Mein ganzes Erwachsenenleben lang wohne ich nun schon in der Stadt. Als Kind und Jugendliche konnte ich mir das nicht vorstellen, sehnte mich aber nach den Möglichkeiten: Kino, Kneipen und Cafés. Bibliotheken, Buchläden - und jede Menge Menschen. Die Stadt, in der ich lebe, bietet all das. Sie ist nicht groß, mit dem Fahrrad oder sogar zu Fuß bin ich schnell draußen. Und ich weiß, wo diese ruhigen Flecken sind, an denen man nur noch den Wind hört und vielleicht entferntes Hundegebell oder Stimmen. War mir früher das Dorfleben manchmal zu eng, so suche ich jetzt die Weite der Landschaft. Empfinde es als wohltuend, zwischen Feldern und Wäldern dahinzustreifen, den Blick und das Herz ganz weit. Für eine Weile genieße ich das Alleinsein abseits des Stadtgetriebes, wo die Überfüllung zum Dauerzustand geworden ist. Ich habe mir Brotzeit eingepackt, sitze auf einer Bank. Vor mir der sanft ansteigende Weg. Und dann entdecke ich sie: Überall Menschen, als Punkte am Horizont. Menschen mit Hunden, Menschen mit Rädern. Menschen allein und zu zweit. Beim Joggen oder gemütlich dahinspazierend. Manche wünschen mir im Vorübergehen einen guten Appetit, lächeln mich an. Andere nehmen ihre Hunde näher bei Fuß. Und schon freue mich mich wieder, nicht ganz allein zu sein. Wann genau beginnt das eigentlich wieder, dass Fremde einander grüßen und vielleicht auch ein paar Worte wechseln? Wie groß muss der Abstand sein, von der Stadt und zwischen den Menschen? Ich mag es, die weite Landschaft um mich zu haben und doch nicht allein zu sein. Ich mag es, wenn sie als dunkle, sich bewegende Umrisse auftauchen: Menschen am Horizont.
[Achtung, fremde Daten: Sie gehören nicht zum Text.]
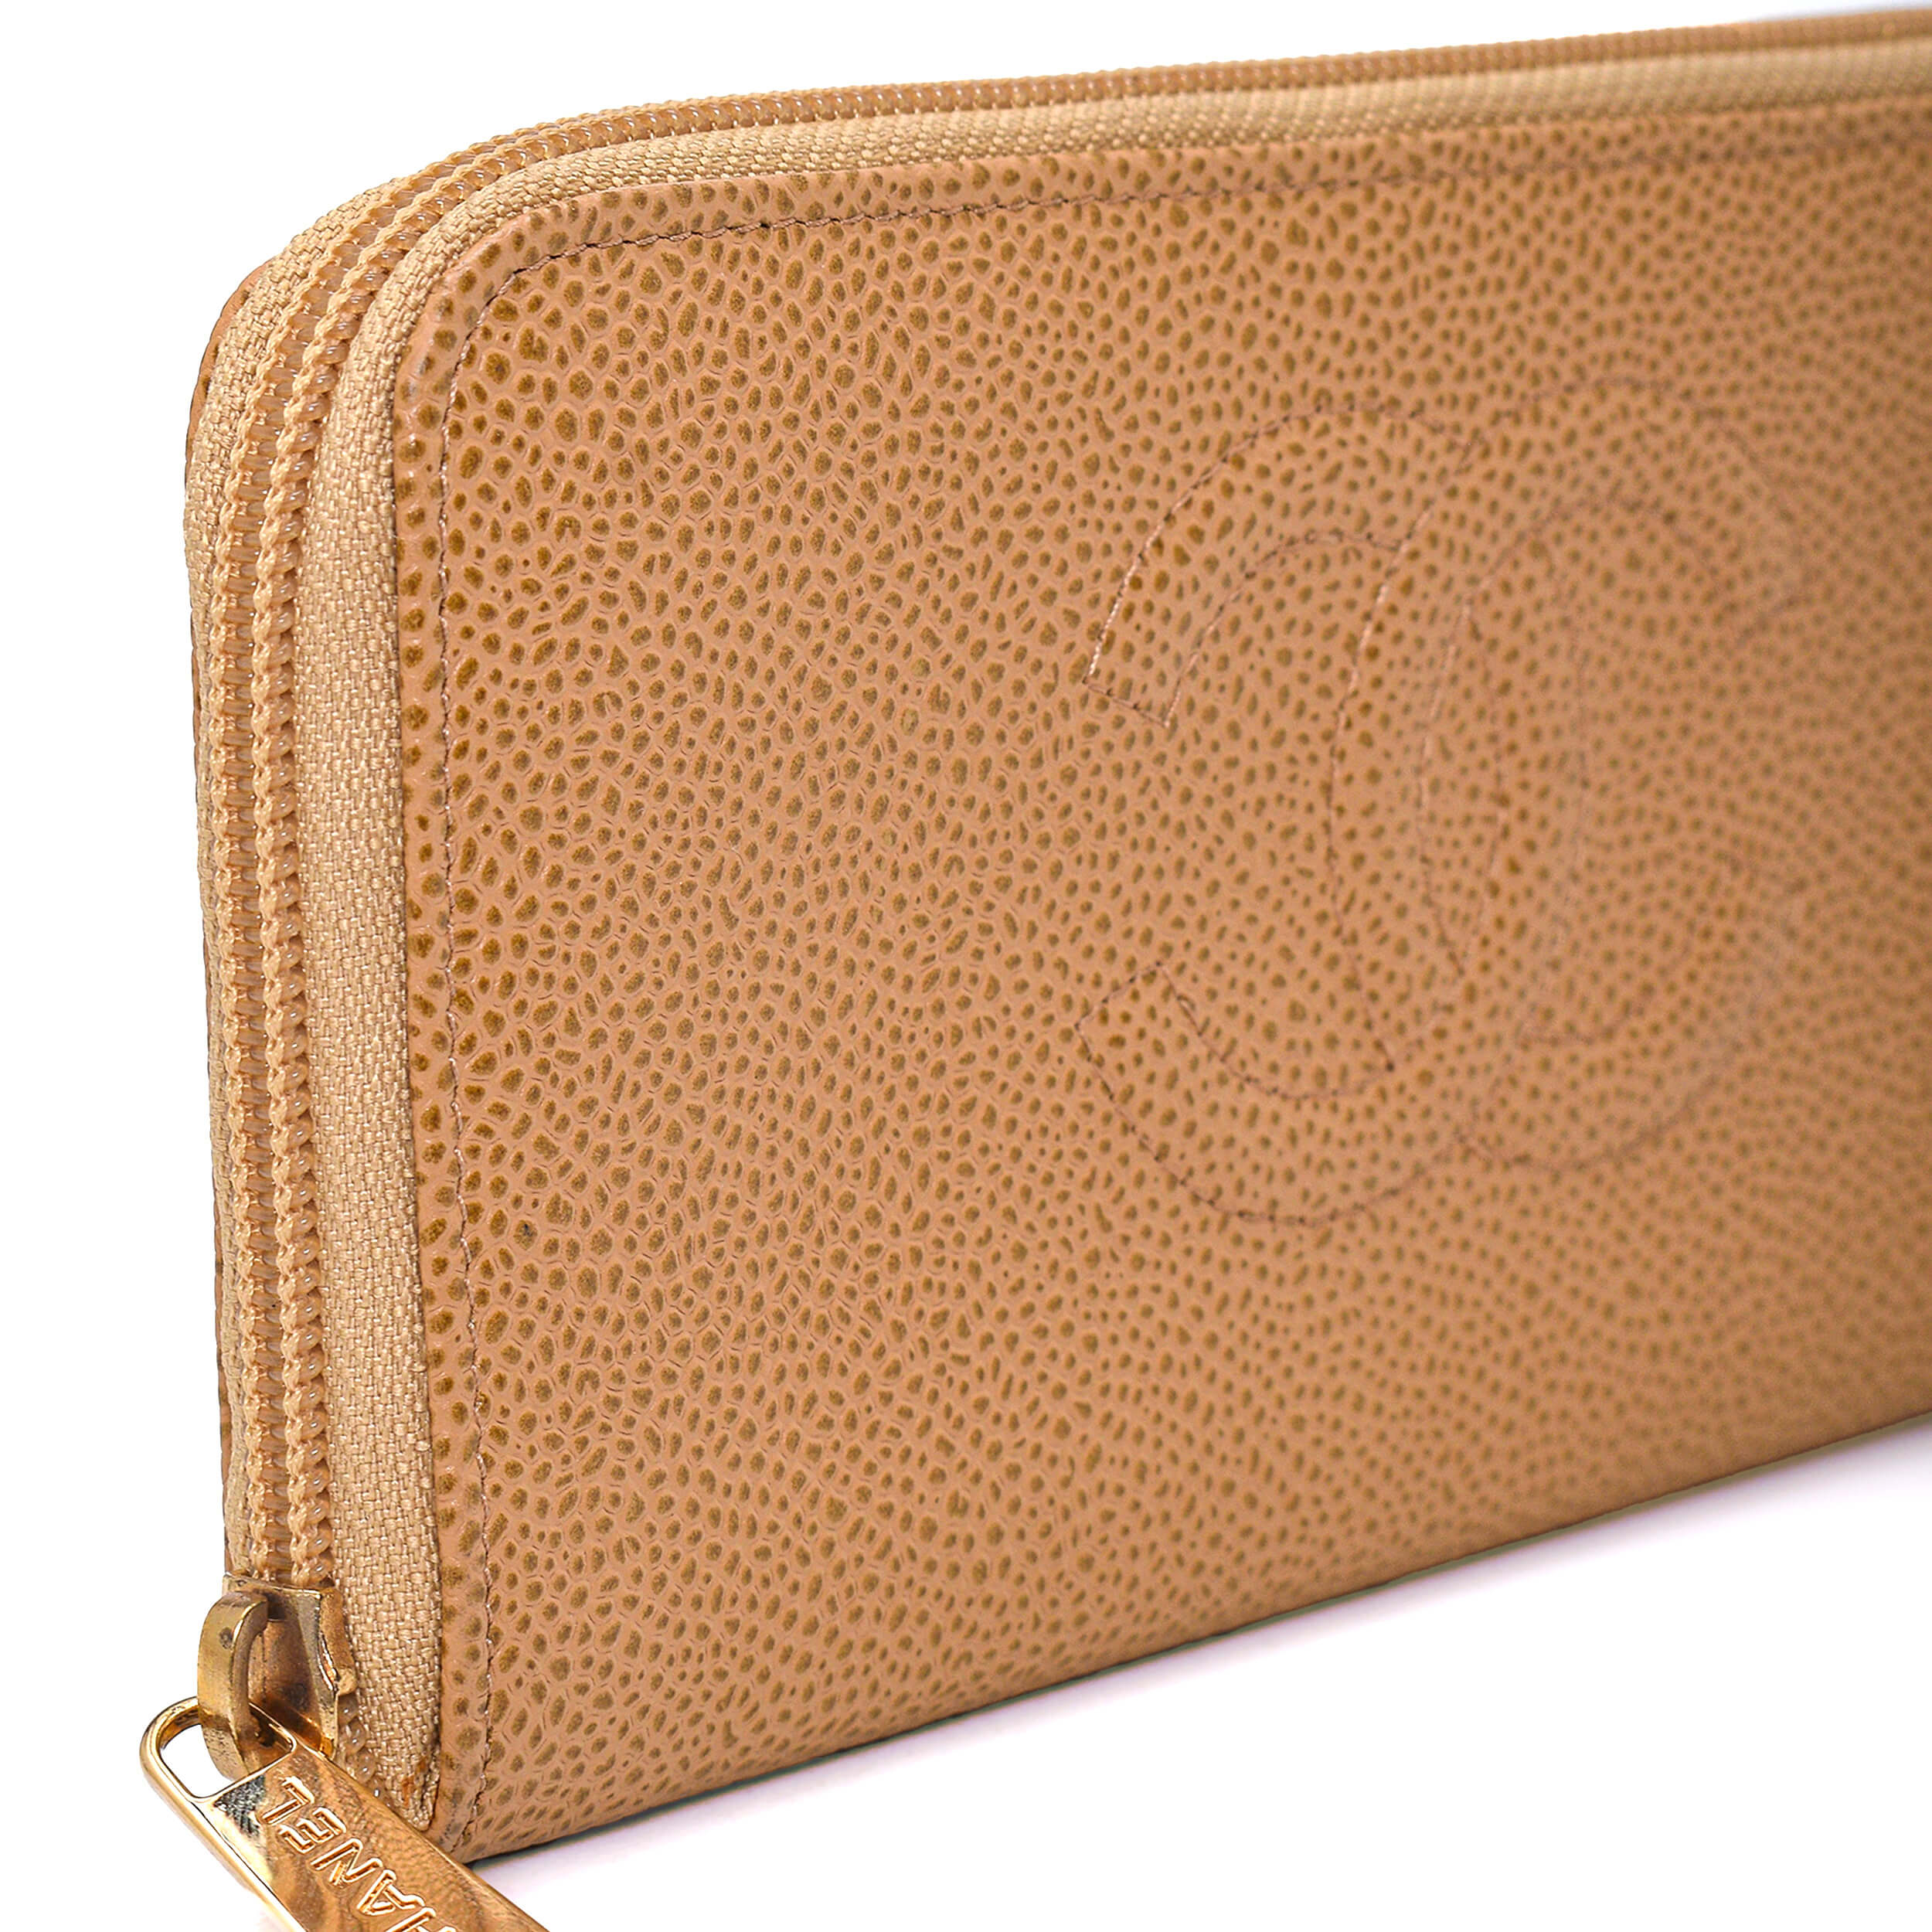 Chanel - Beige Caviar Leather CC Timeless Zip Wallet

Menschen, die wie ich diese ganz spezielle Lichtstimmung an einem Januarnachmittag genießen - kurz nach der Wintersonnenwende, an denen man aber spürt, dass allmählich das Licht zurückkommt. Menschen vor dem leuchtenden Blau des Himmels, bevor die Sonne hinter den Bäumen verschwindet. Ich sehe einen Mann und eine Frau, ihre Silhouetten wie ein Scherenschnitt. Und da, auf der anderen Seite, eine ganze Familie. Ihre grellbunten Jacken wie Stecknadelköpfe vor dem Grün der Wiesen. Menschen am Horizont: Sie geben mir das Gefühl, dass im Augenblick alles gut ist, egal wie durcheinander die Welt sein mag. Menschen mit all ihren Geschichten, mit ihrem Leben und einem Lächeln auf dem Gesicht, während sie das Sonnenlicht einatmen.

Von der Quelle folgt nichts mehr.